WWII Arnhem comrades are reunited in Liverpool

Gerry Dirmmock and Harry Houghton
Image caption The comrades knew their chance of capturing Arnhem 'were pretty hopeless'

Two World War II veterans who have not seen each other since being captured at the Battle of Arnhem have been reunited in Liverpool.

Parachute Regiment members Gerry Dirmmock and Harry Houghton, who both escaped from the Nazis, are travelling to Holland to remember fallen comrades.

The pair were in a party of Liverpool veterans waved off by the Lord Mayor.

They will take part in a ceremony to commemorate the 1944 Operation Market Garden offensive.

Some 1,000 Allied soldiers died and another 6,000 were taken prisoner in the operation, which took place on the lower River Rhine.

After being captured, Mr Dirmmock dived into the River Rhine and swam to freedom despite being injured by enemy fire.

Mr Dirmmock said: "Arnhem was hell then and it's been hell ever since.

"I was very fit and being only 20 years old I stripped off and swam across the river.

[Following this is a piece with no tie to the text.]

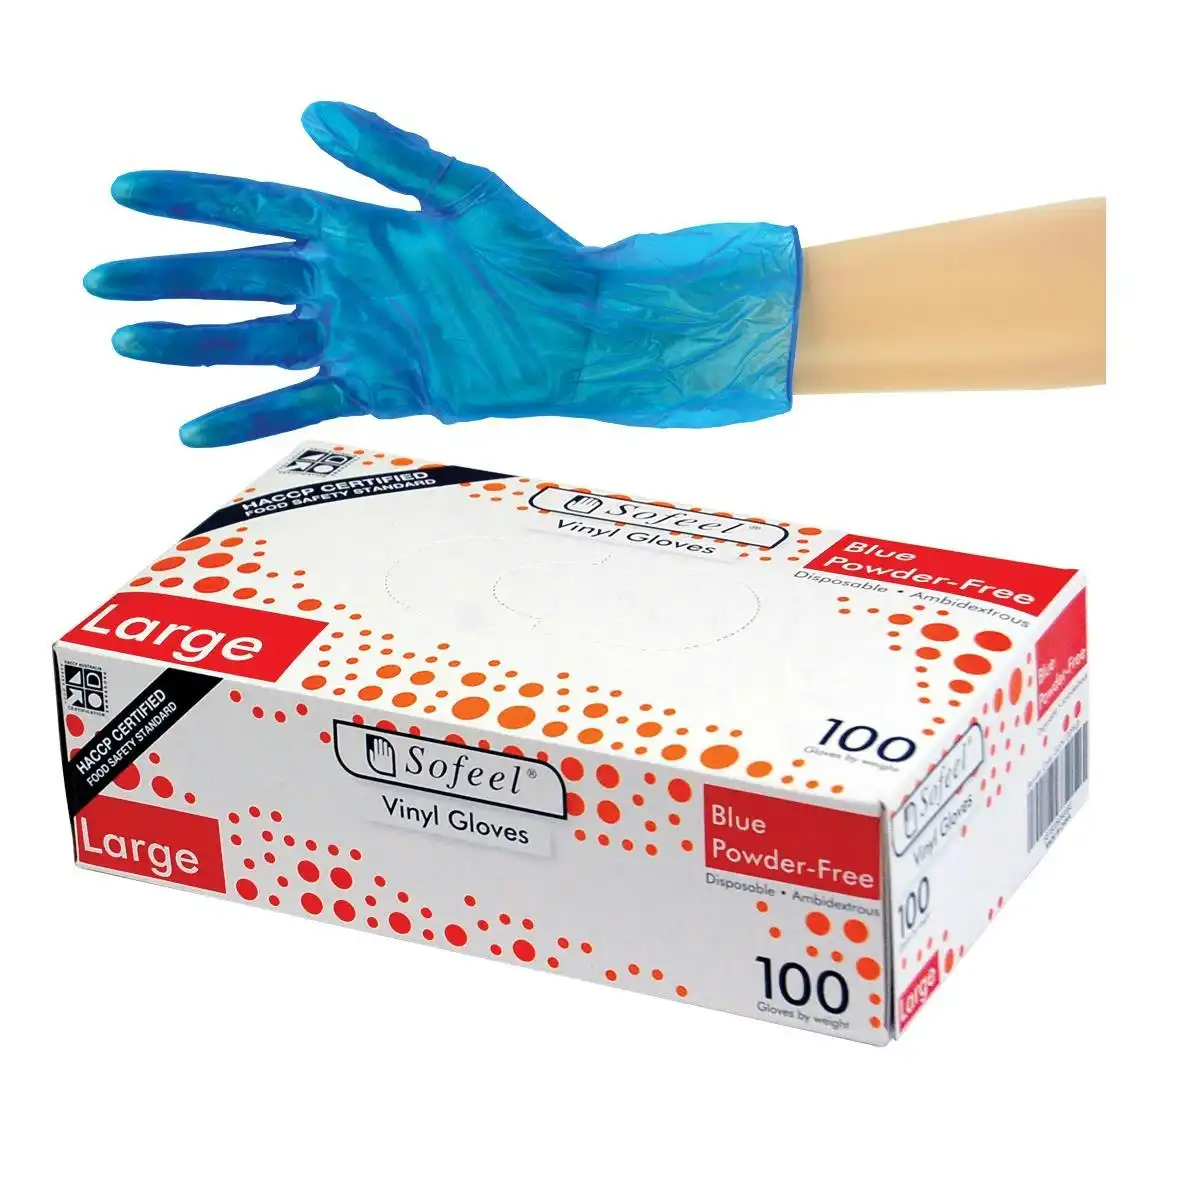 Sofeel Vinyl Powder Free Gloves 5.0g Large Blue HACCP Grade 100 Box x10

I was hurt on the far side, so I was wounded, but I was free."

Forced to withdraw

Mr Houghton described how he and his comrades survived on two days' rations for 10 days after being dropped by parachute seven miles from the strategic bridge at Arnhem.

"We knew it was pretty hopeless - 'Gerry' was watching us. We never saw the bridge, none of us ever saw the bridge.

"We were breaking the end off radiators to get water to drink."

A total of 16,500 British paratroopers from the 1st Airborne Division and 3,500 glider-borne troops had set out to seize the strategic bridge at Arnhem and nearby strategic locations, while American airborne divisions captured bridges between Eindhoven and Veghel.

Despite suffering 3,500 casualties, the American effort succeeded, but the British paratroopers were forced to withdraw.

About 1,000 were killed in the battle, 2,000 escaped, and 6,000 were taken prisoner.